- Opening Delimiter -

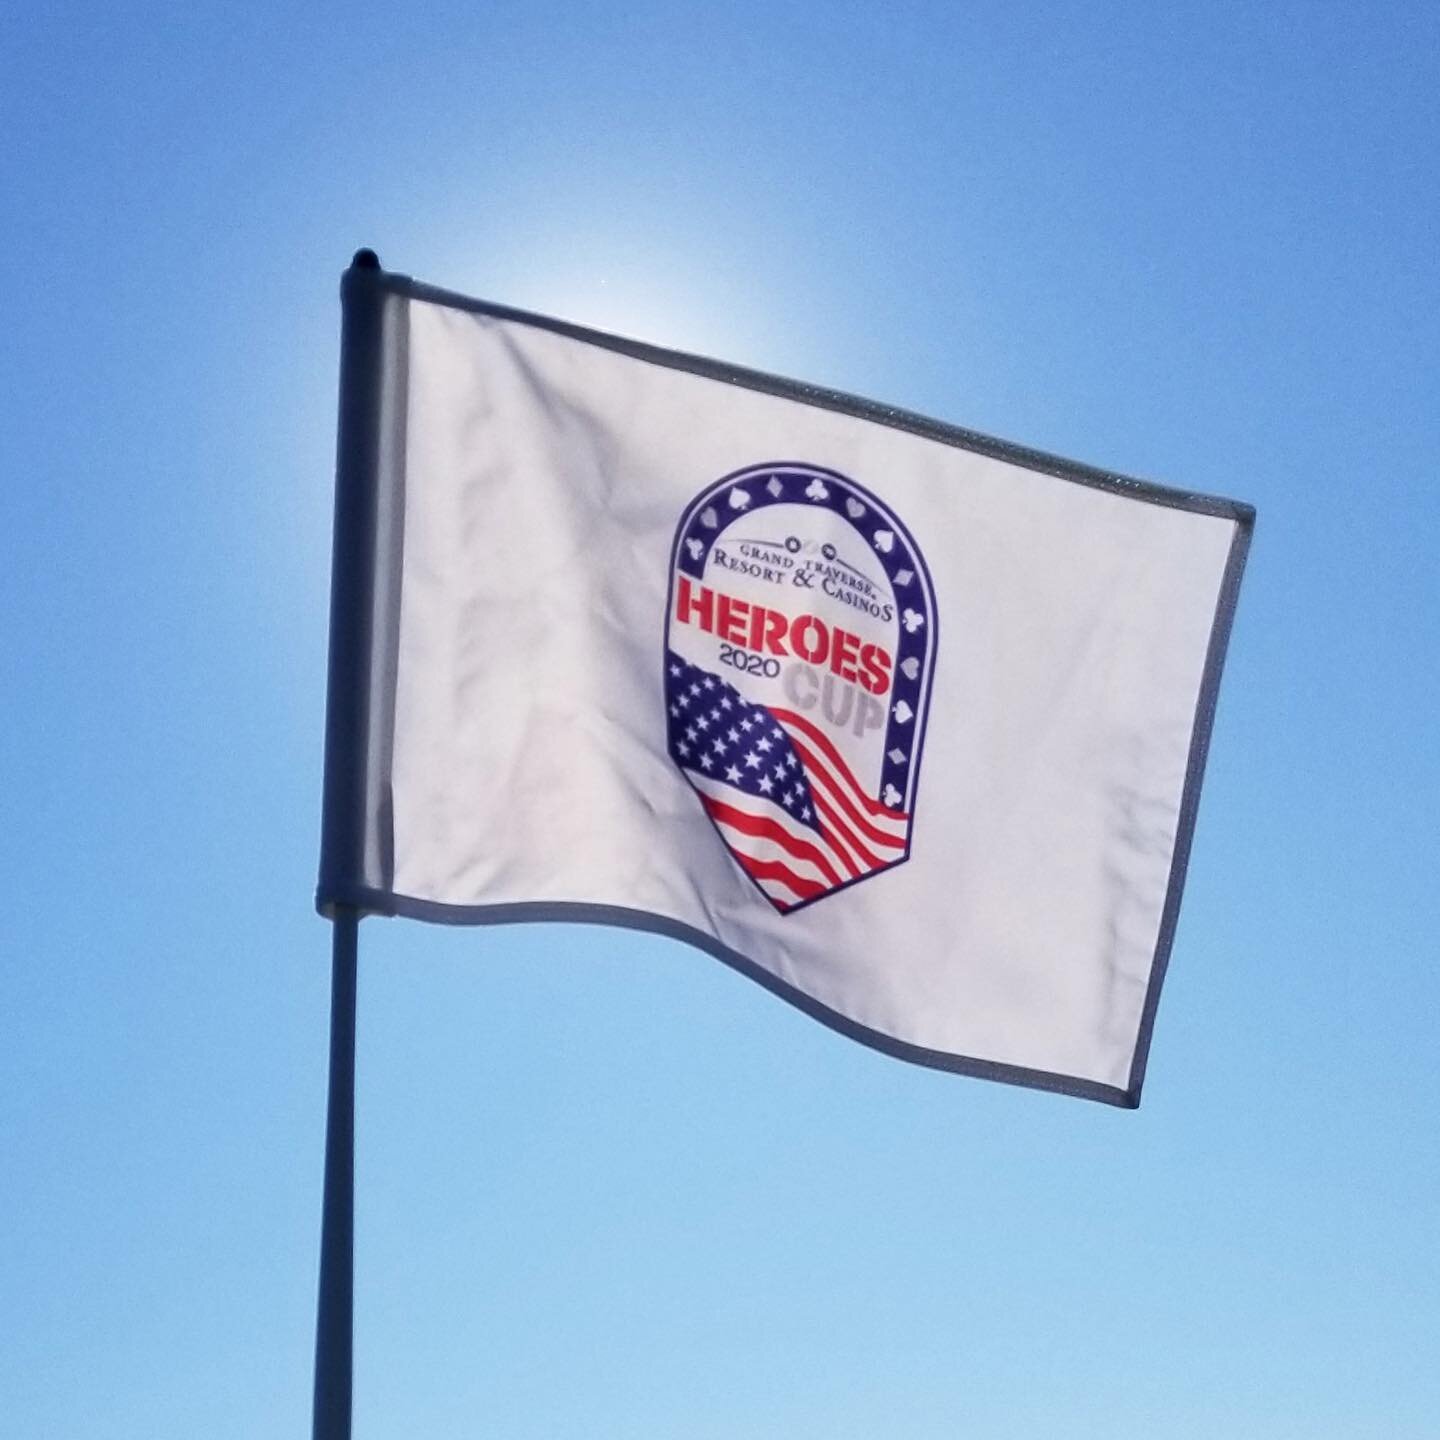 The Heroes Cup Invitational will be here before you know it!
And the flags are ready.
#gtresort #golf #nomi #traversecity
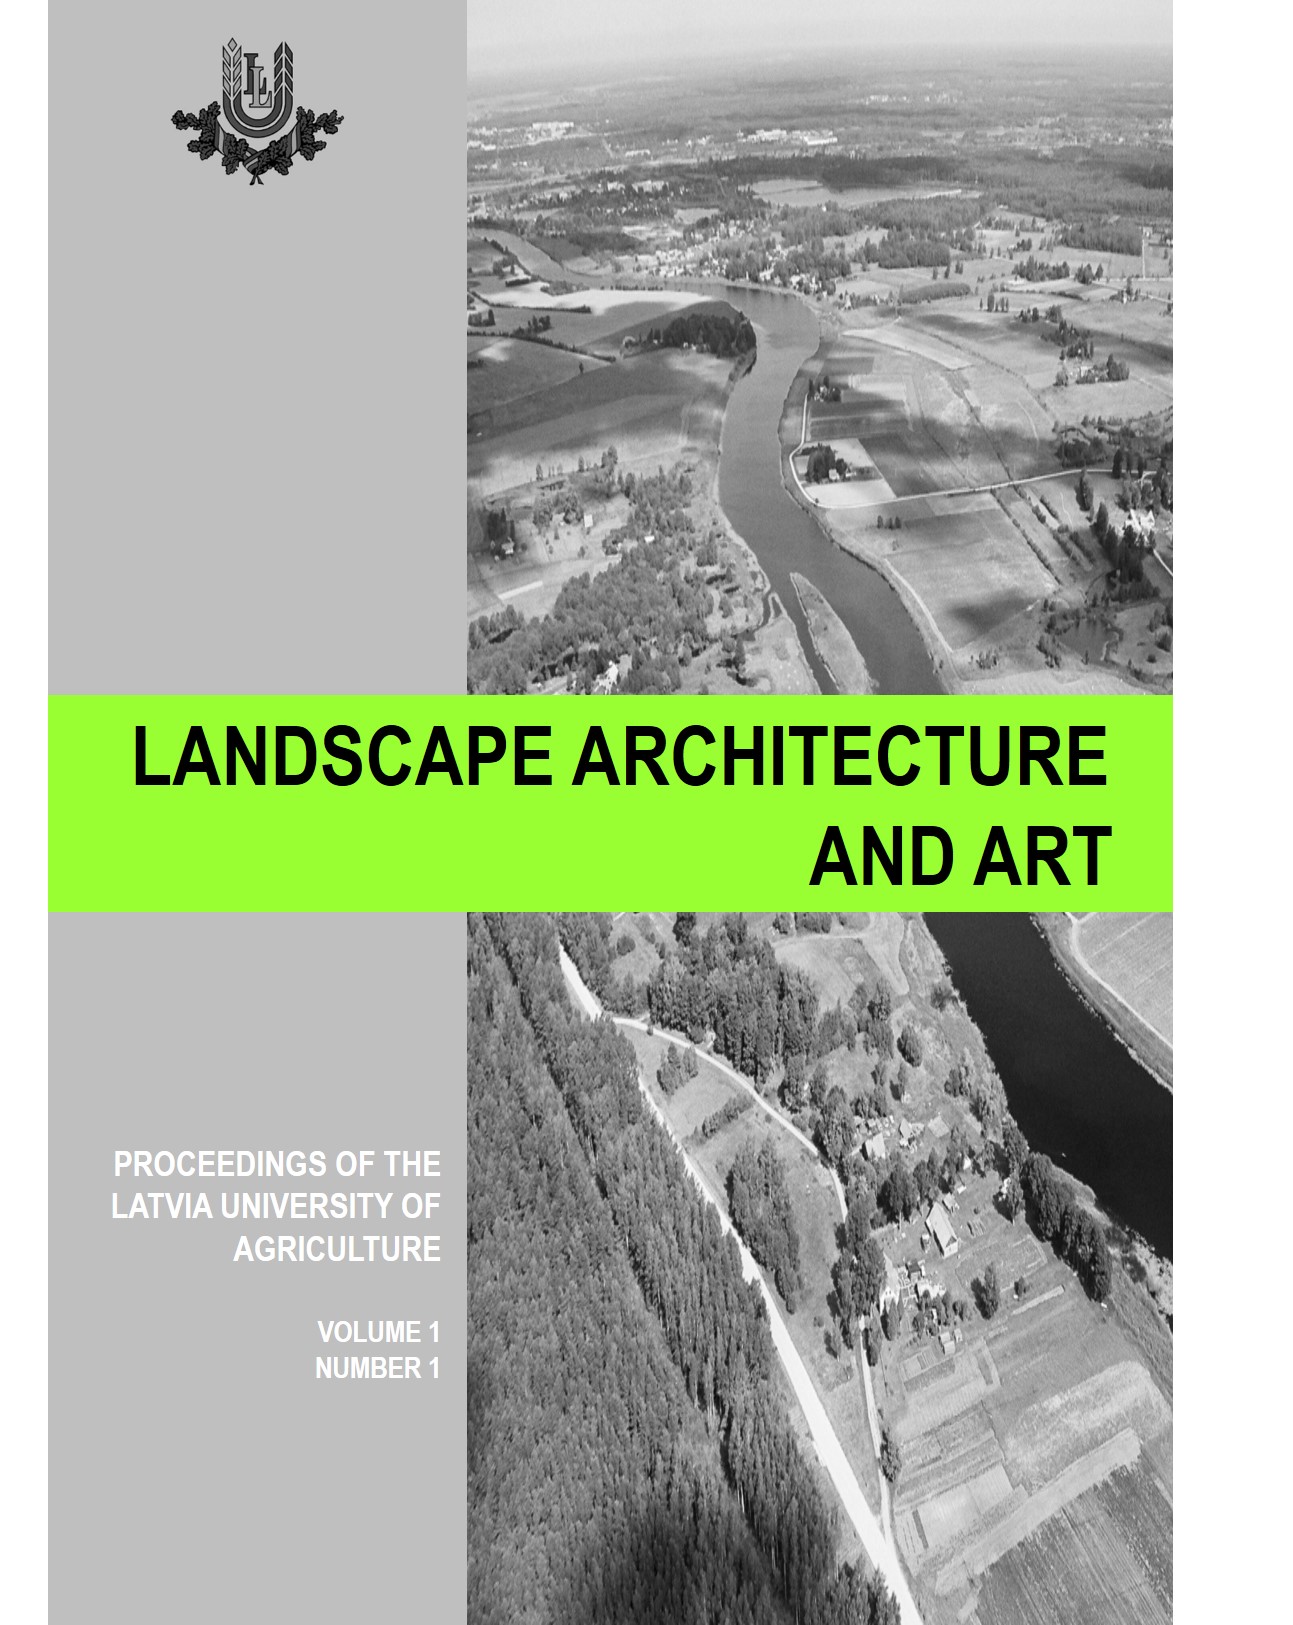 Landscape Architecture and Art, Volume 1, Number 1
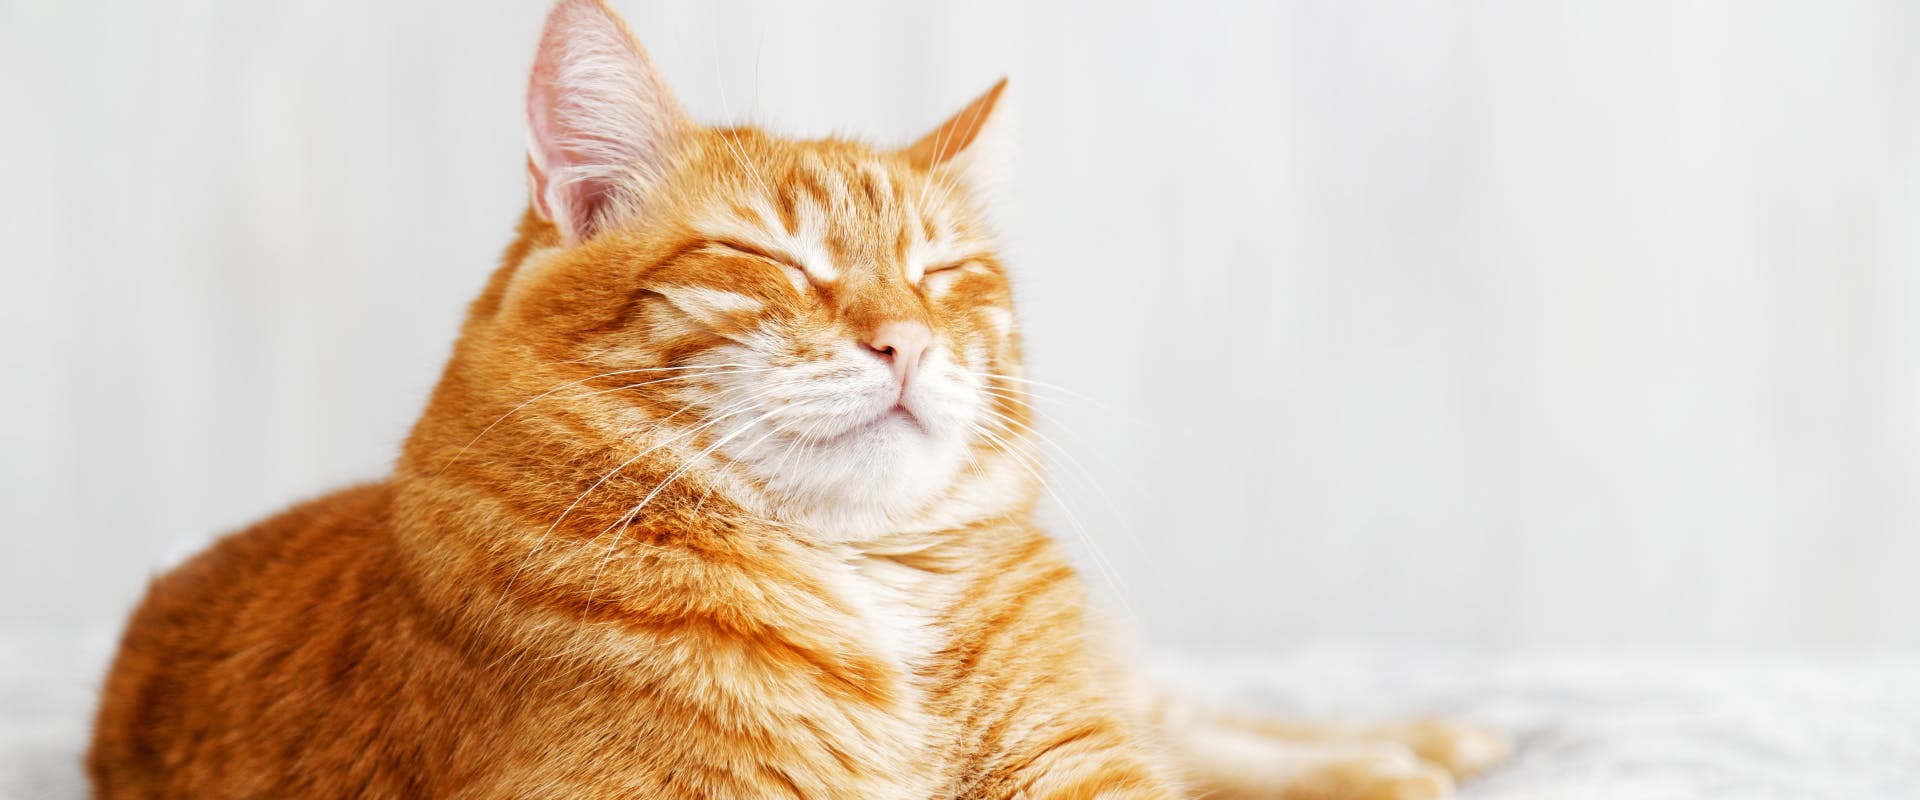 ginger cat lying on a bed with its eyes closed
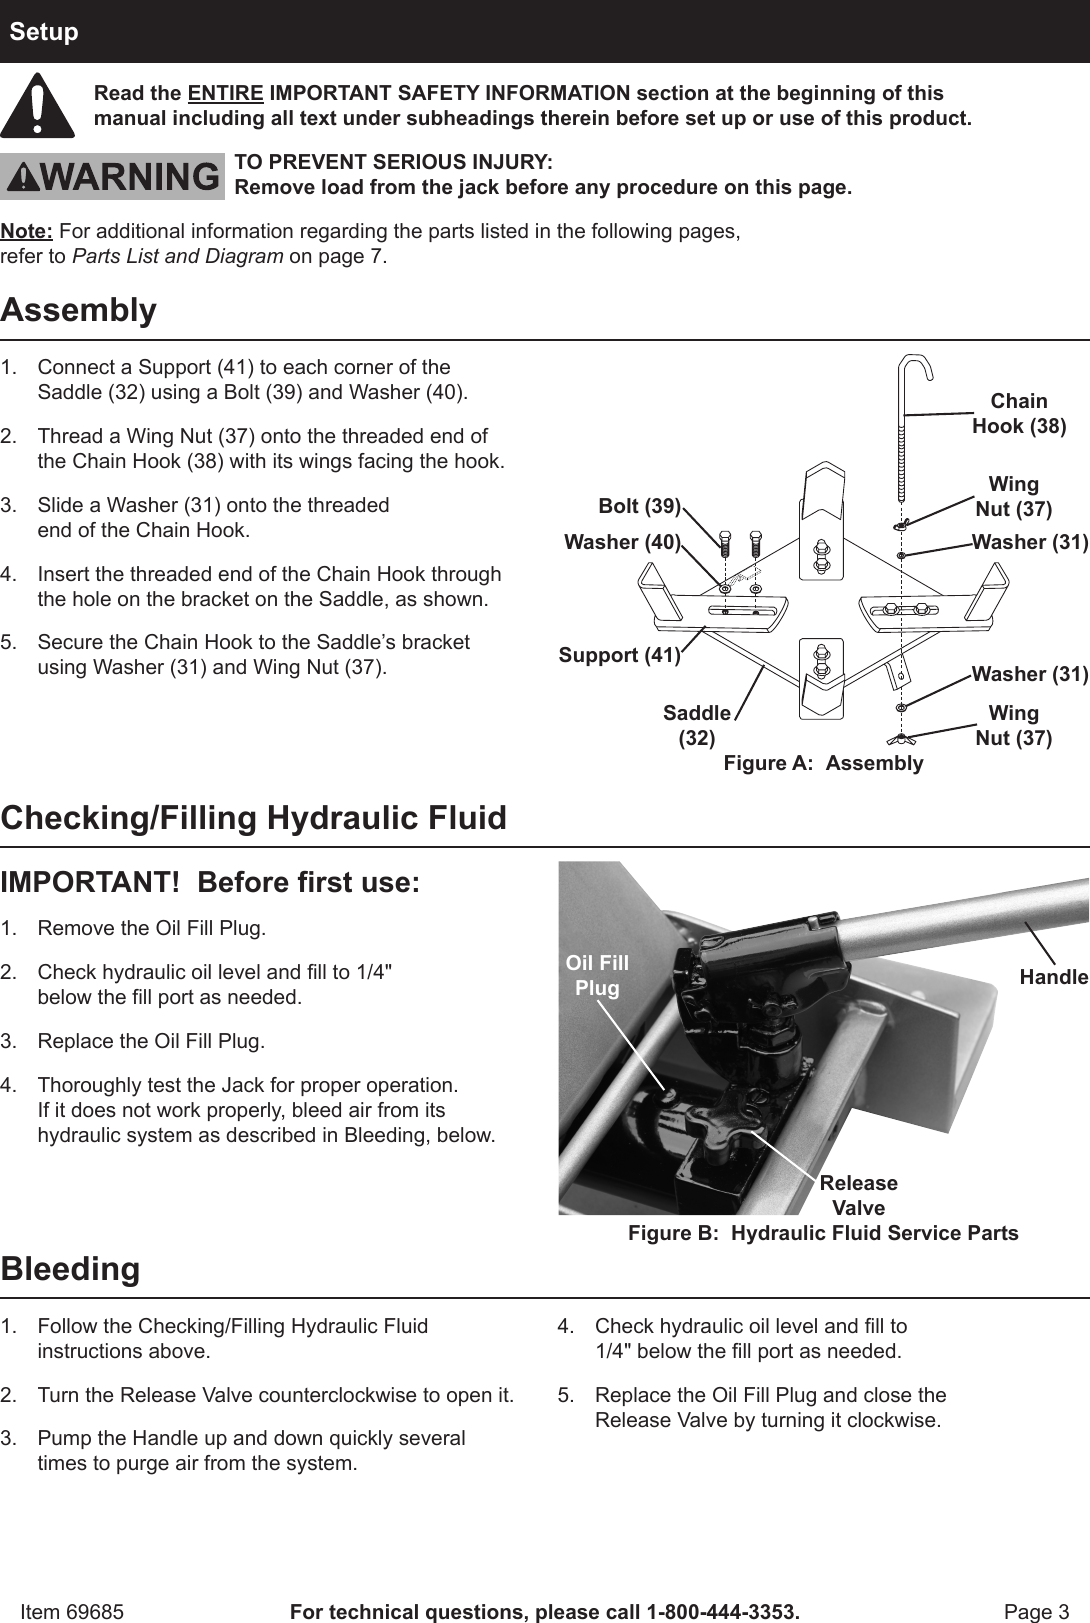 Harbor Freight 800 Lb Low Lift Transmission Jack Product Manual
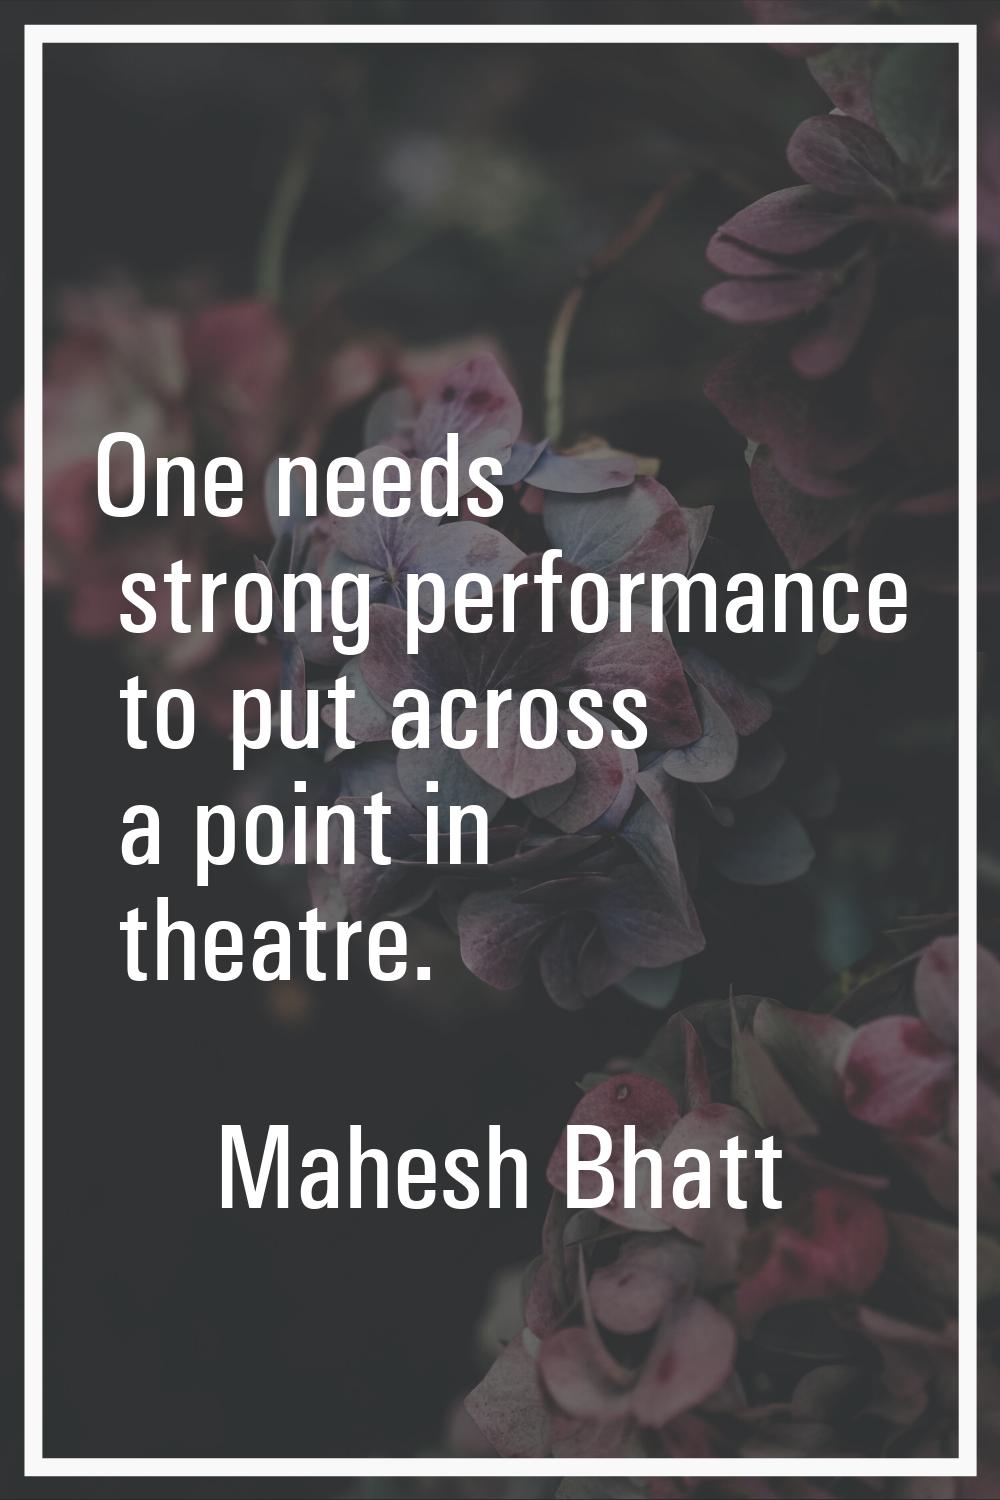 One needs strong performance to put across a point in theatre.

- Closing Delimiter -

== WORK TO BE COMPLETED ==
The required output is every line of the data above, set down exactly and stripped of pictures.

== ANSWER TO THIS PROBLEM ==
 The Heroes Cup Invitational will be here before you know it!
And the flags are ready.
#gtresort #golf #nomi #traversecity
 Landscape Architecture and Art, Volume 1, Number 1
 ginger cat lying on a bed with its eyes closed
 Harbor Freight 800 Lb Low Lift Transmission Jack Product Manual
 One needs strong performance to put across a point in theatre.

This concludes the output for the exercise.